▶ ASSIGNMENT: Keep the pictures out. Copy every line of the listing exactly.

▶ DATASET EXTRACT:
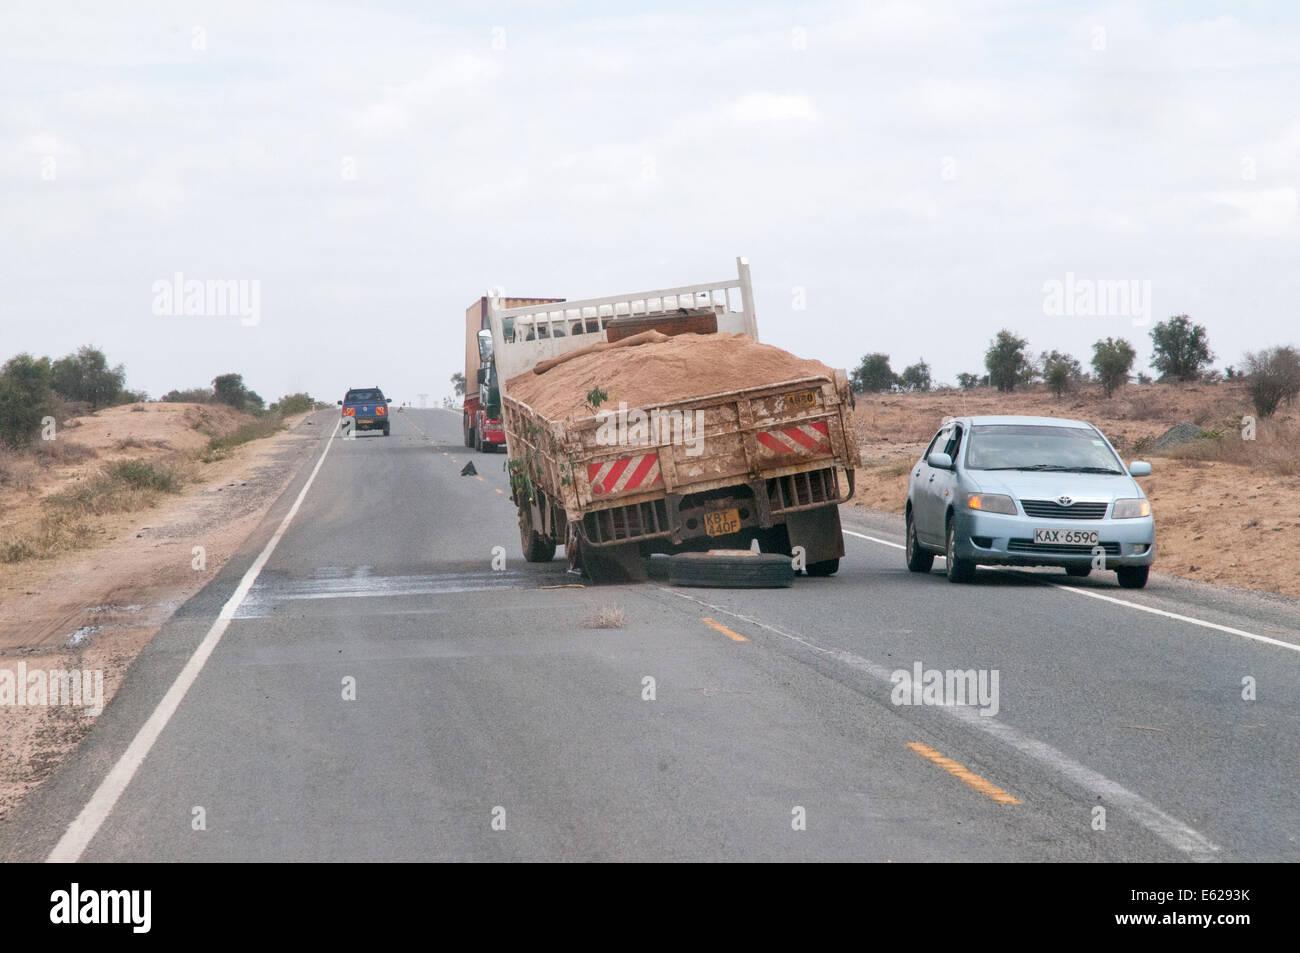 Traffic passing broken down truck lorry with broken rear spring on Namanga Nairobi Road Kenya East Africa - Stock Image
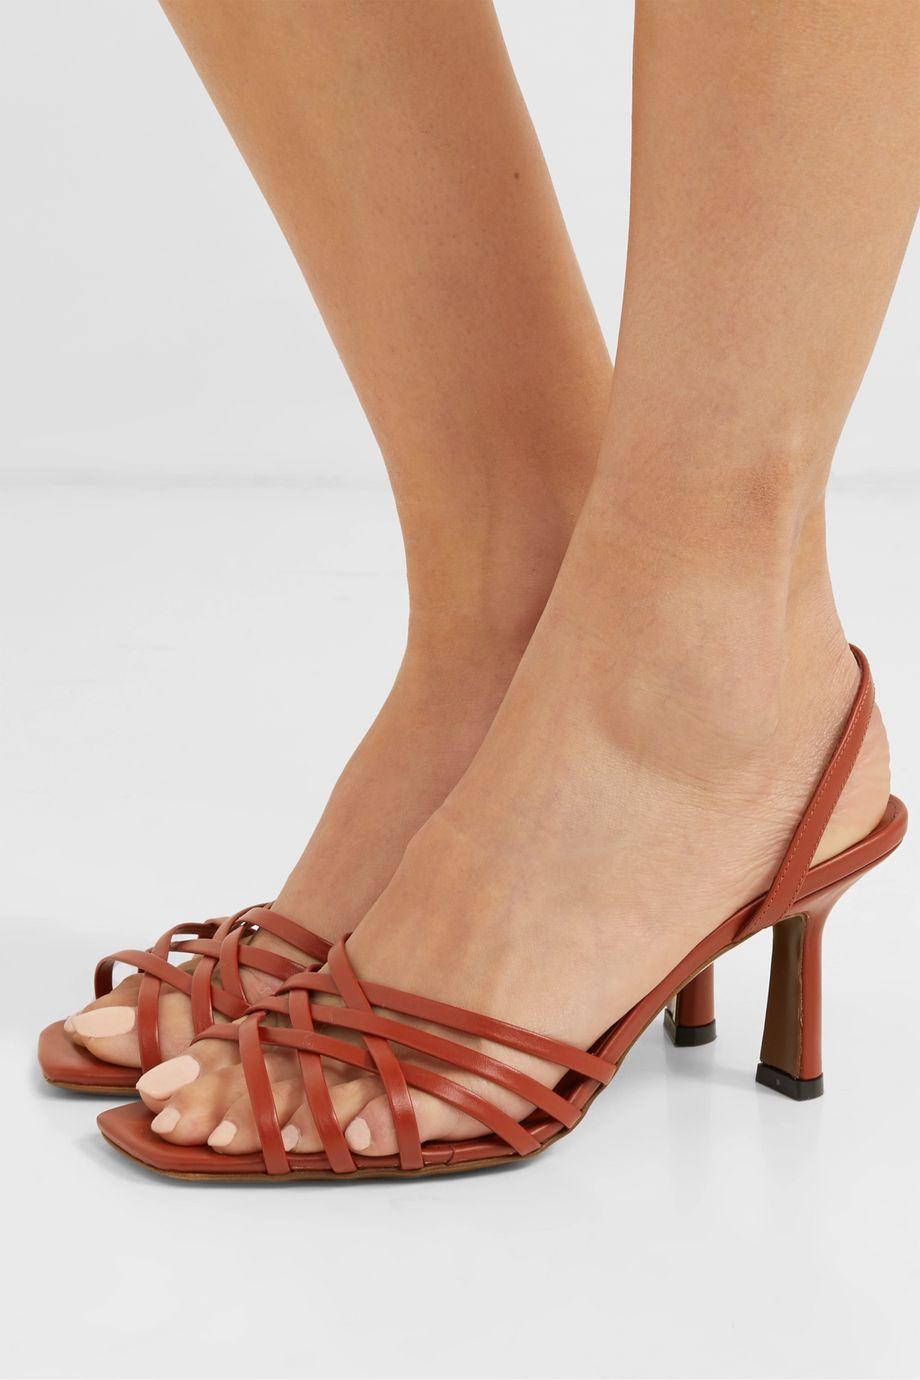 Neous Scuticaria leather slingback sandals
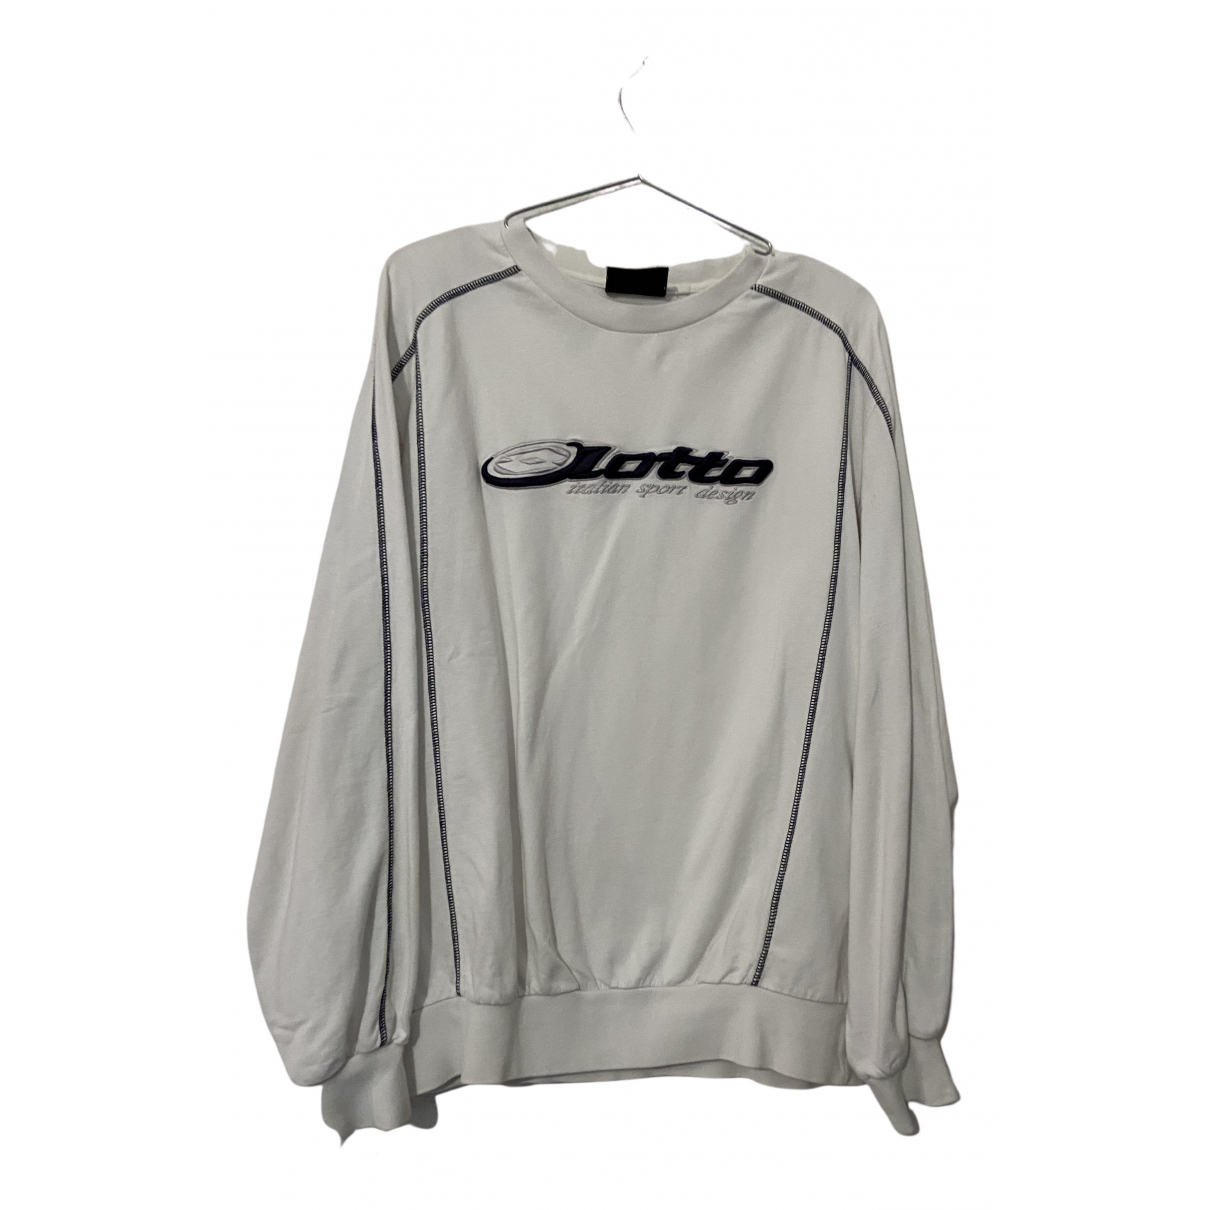 Lotto N White Cotton Knitwear & Sweatshirts for Men L International

▶ EXERCISE ANSWER:
 Traffic passing broken down truck lorry with broken rear spring on Namanga Nairobi Road Kenya East Africa - Stock Image
 Neous Scuticaria leather slingback sandals
 Lotto N White Cotton Knitwear & Sweatshirts for Men L International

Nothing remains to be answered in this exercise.